> _Recorded data_
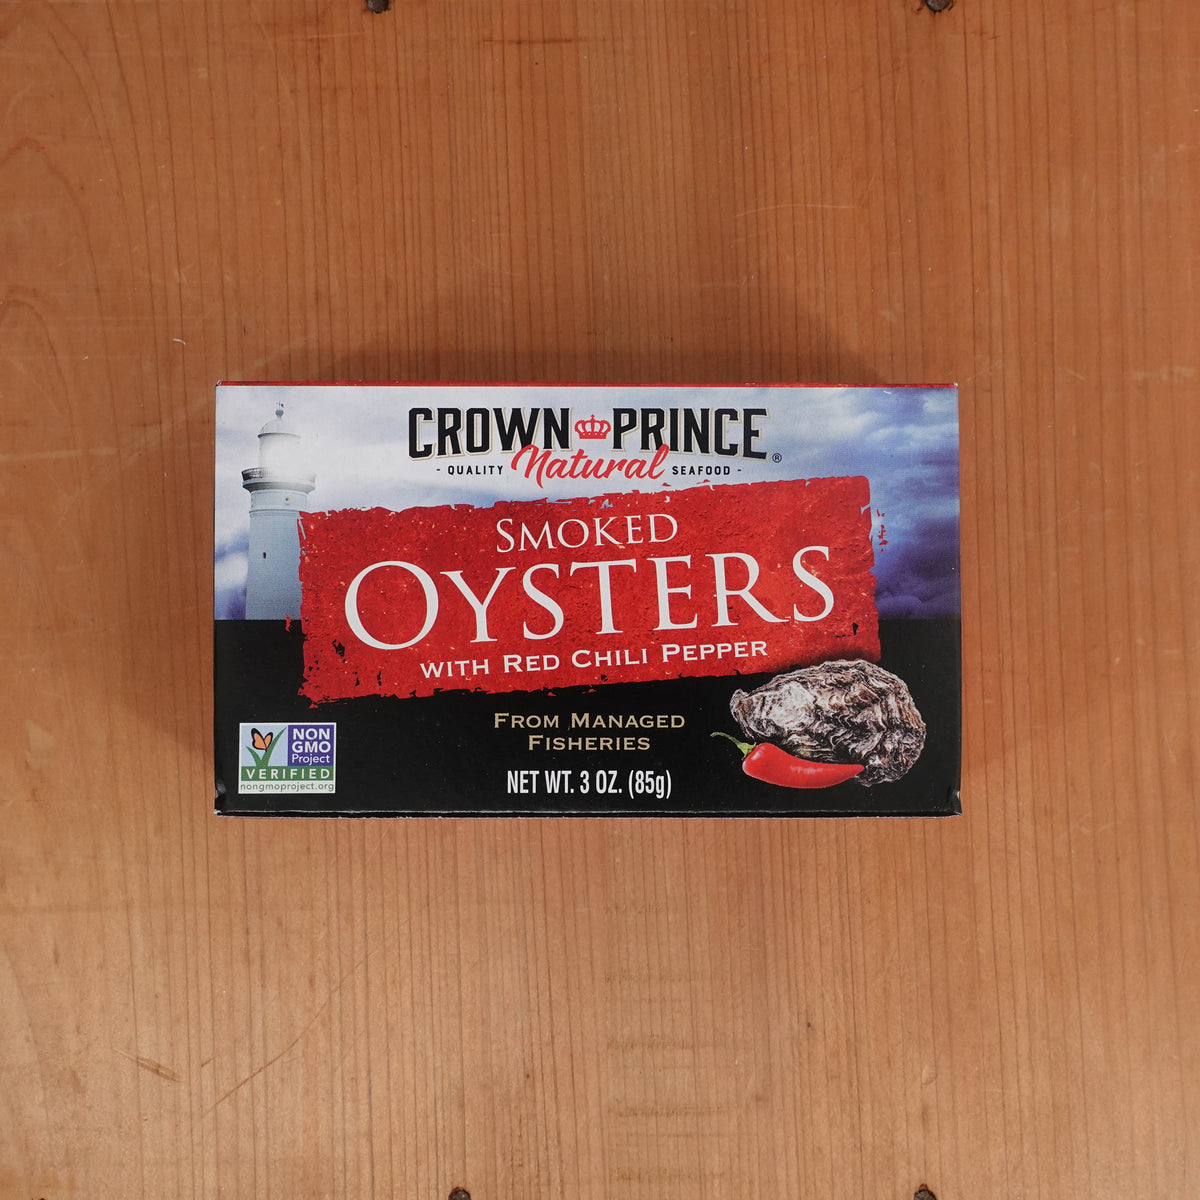 Crown Prince Natural Smoked Oysters with Red Chili Pepper - 3oz
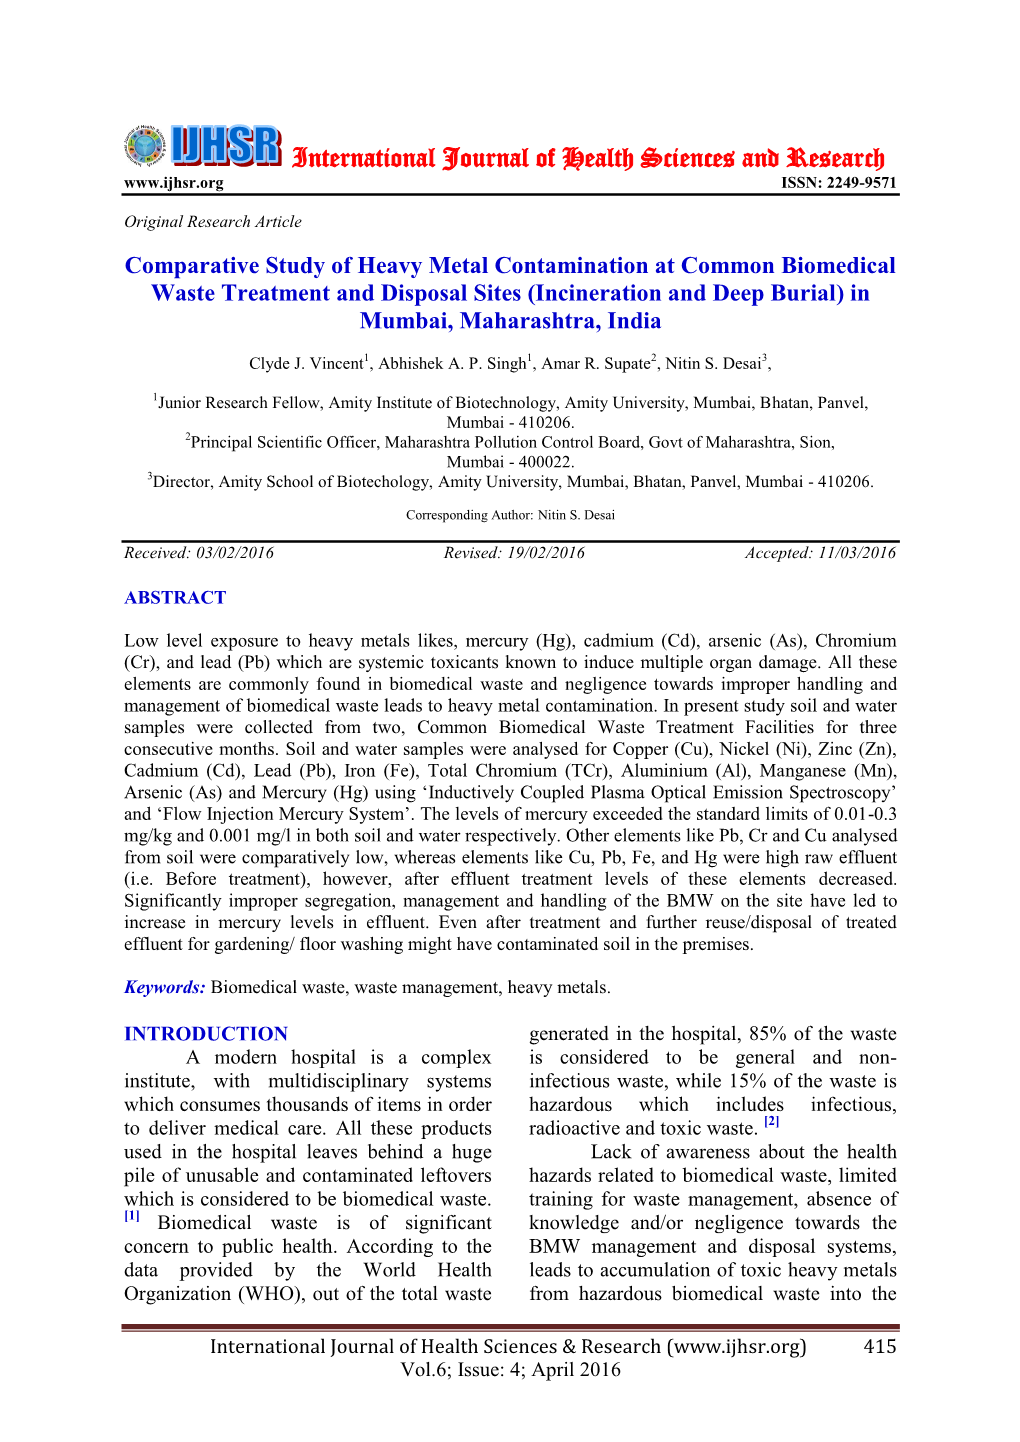 Comparative Study of Heavy Metal Contamination at Common Biomedical Waste Treatment and Disposal Sites (Incineration and Deep Burial) in Mumbai, Maharashtra, India
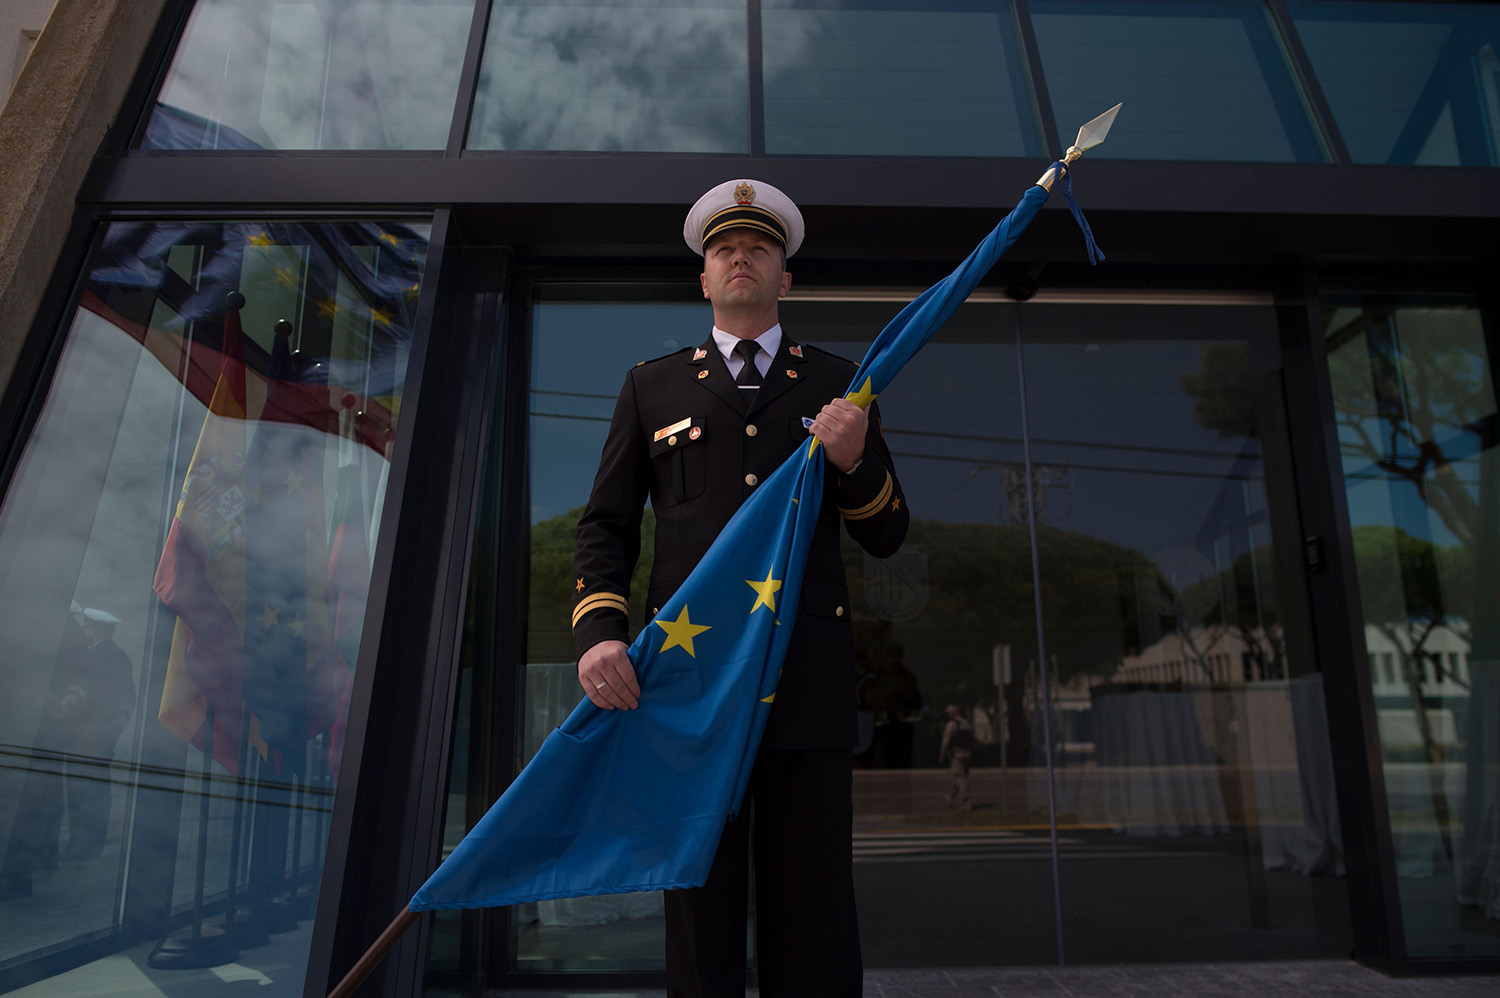 A soldier holds a European Union flag during a ceremony marking the relocation of the operation Headquarters of EU NAVFOR Atalanta Operation at the Rota Naval Base in Rota, on March 29, 2019. - The relocation of the Headquarters of the Operation has no precedent in the history of the EU and it includes the transfer to Brest of the Maritime Security Centre for the Horn of Africa, as part of the Operational Headquarters. On this occasion, the command has also been transferred from Major General Charlie Stickland, UK Royal Marines, to Vice Admiral Antonio Martorell Lacave, Spanish Navy. (Photo by JORGE GUERRERO / AFP) (Photo credit should read JORGE GUERRERO/AFP via Getty Images)

> _Assigned task_
Restrict the output to the lines from the one with "Comparative Study of" through the last line of the material above. Print them exactly, leaving out every picture.

> _Exercise solution_
 Comparative Study of Heavy Metal Contamination at Common Biomedical Waste Treatment and Disposal Sites (Incineration and Deep Burial) in Mumbai, Maharashtra, India
 A soldier holds a European Union flag during a ceremony marking the relocation of the operation Headquarters of EU NAVFOR Atalanta Operation at the Rota Naval Base in Rota, on March 29, 2019. - The relocation of the Headquarters of the Operation has no precedent in the history of the EU and it includes the transfer to Brest of the Maritime Security Centre for the Horn of Africa, as part of the Operational Headquarters. On this occasion, the command has also been transferred from Major General Charlie Stickland, UK Royal Marines, to Vice Admiral Antonio Martorell Lacave, Spanish Navy. (Photo by JORGE GUERRERO / AFP) (Photo credit should read JORGE GUERRERO/AFP via Getty Images)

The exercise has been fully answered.